An high performance artificial Neural Network program that classifies handwritten digits, trained with online images data and built upon matrix multiplication
- Implemented a C++ version of a deep neural network that recognizes handwritten numbers on a Supercomnting Cluster
- Trained 50000 images and tested 10000 images on the local temporary storage, achieving more than 50% accuracy
- Shaved off CPU usage and optimized performance of the neuralnet classification program with the memory caching and SIMD parallelism techniques
On the Ohio Supercomputing Center Pfizer cluster
| Component | Details |
|---|---|
| CPU Model | Intel(R) Xeon(R) Gold 6148 CPU @ 2.40GHz |
| CPU/Core Speed | 2.40GHz |
| RAM | 200GB |
| Operating system used | Linux 3.10.0-1160.95.1.el7.x86_64 #1 SMP x86_64 x86_64 x86_64 GNU/Linux |
| Name and version of C++ compiler | gcc version 8.4.0 (GCC ) |
| Name and version of other non-standard software tools & components | Linux perf |
Performance Statistics
| Rep | User Time (s) | Elapsed Time (s) | Peak memory (KB) |
|---|---|---|---|
| 1 | 32.77 | 33.45 | 3176 |
| 2 | 31.88 | 32.48 | 3176 |
| 3 | 31.40 | 31.95 | 3176 |
| 4 | 32.24 | 32.91 | 3176 |
| 5 | 32.94 | 33.62 | 3176 |
Performance Statistics
| Rep | User Time (s) | Elapsed Time (s) | Peak memory (KB) |
|---|---|---|---|
| 1 | 9.47 | 09.75 | 98192 |
| 2 | 9.70 | 09.97 | 98192 |
| 3 | 9.36 | 09.64 | 98192 |
| 4 | 9.47 | 09.77 | 98192 |
| 5 | 9.34 | 09.64 | 98192 |
Performance Statistics
| Replicate# | Reference | Improved |
|---|---|---|
| 1 | 33.45 | 09.75 |
| 2 | 32.48 | 09.97 |
| 3 | 31.95 | 09.64 |
| 4 | 32.91 | 09.77 |
| 5 | 33.62 | 09.64 |
| Average | 32.882 | 9.754 |
| SD | 0.6888904122 | 0.1350185172 |
| 95% CI Range | 0.8553704235 | 0.167647632 |
| Stats | 32.882 ± 0.86 | 9.754 ± 0.17 |
| T-Test (H0: μ1=μ2) | 0.00000007633396889 |
First, there’s a drastic change in elapsed runtime between two versions: from roughly 32.882 to 9.754 seconds.
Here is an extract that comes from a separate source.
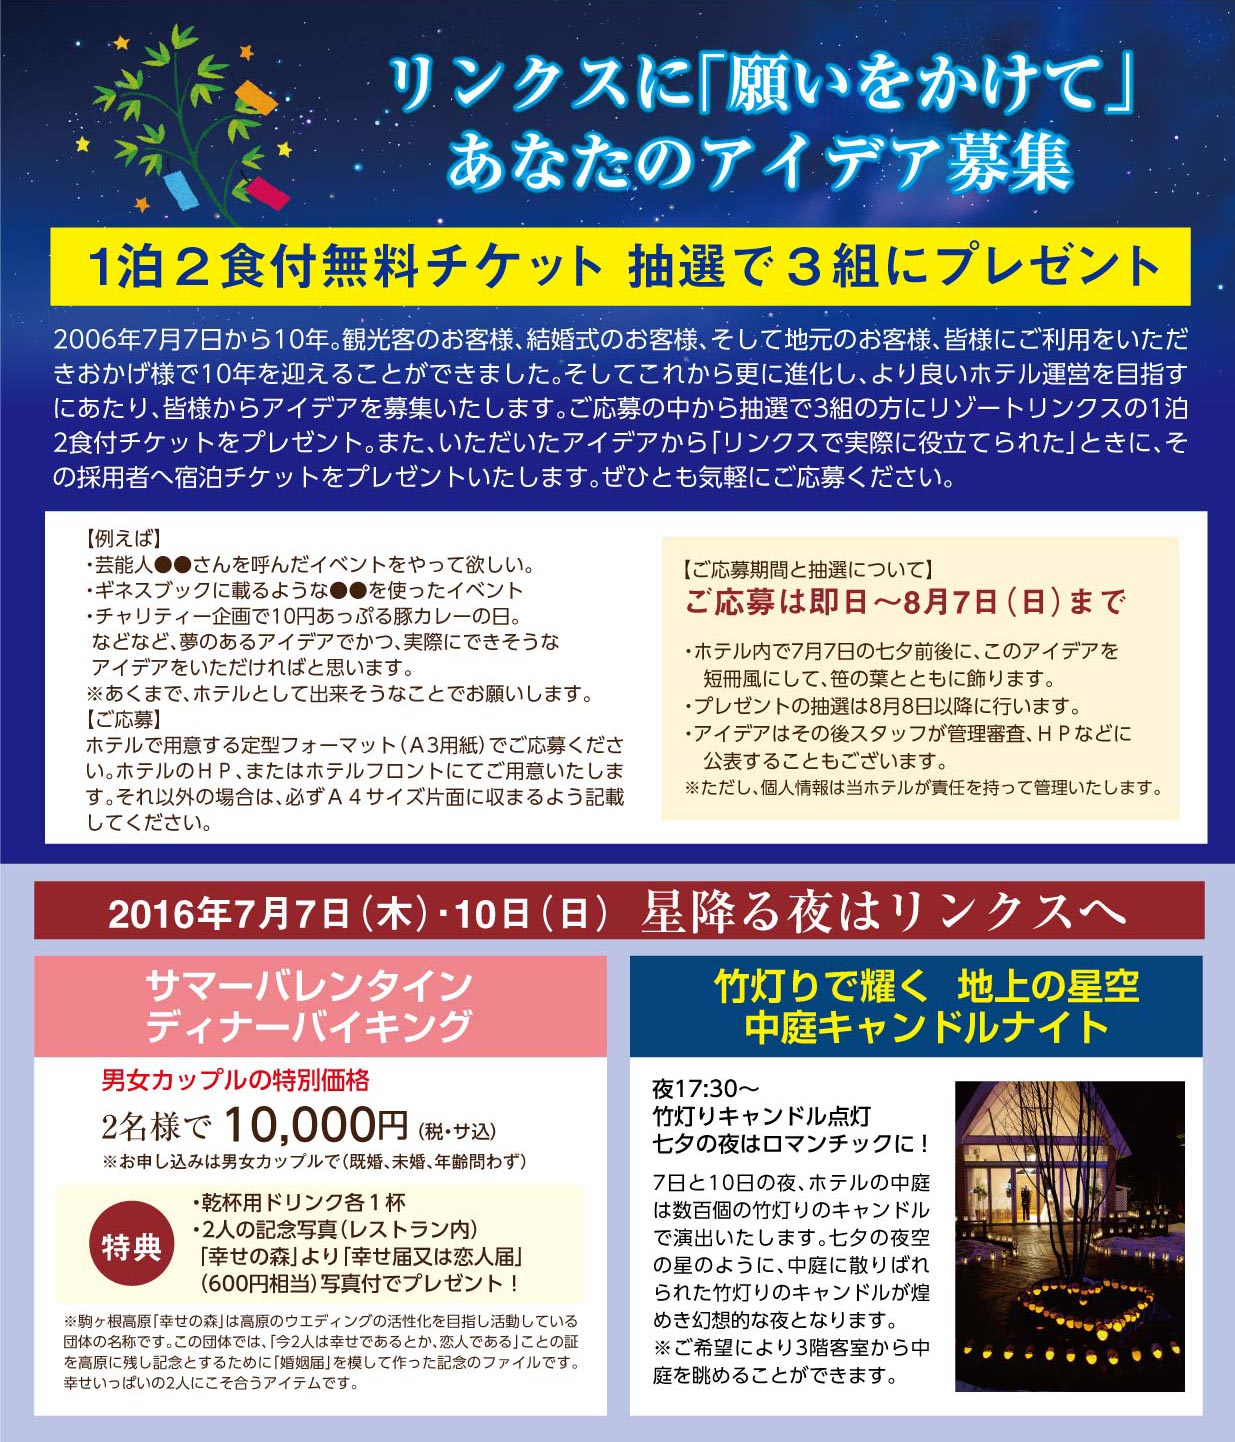 http://www.komagane-linx.co.jp/blogimages/event20160624-1-2.jpg

The t-test indicates that the change is significant, and it is achieved by following reasons. First, changing the matrix representation from 2d to 1d vector plays a key role which enables efficient caching, especially for matrix of size (n, 1). Second, previously, for every epoch, images is loaded automatically from disk space. In this version, a map is used to caches repetitive image file in many epochs, which reduce the I/O time. Note that the peak memory therefore increases by roughly 33 times. In conclusion, this version makes a good tradeoff of memory for runtime improvement.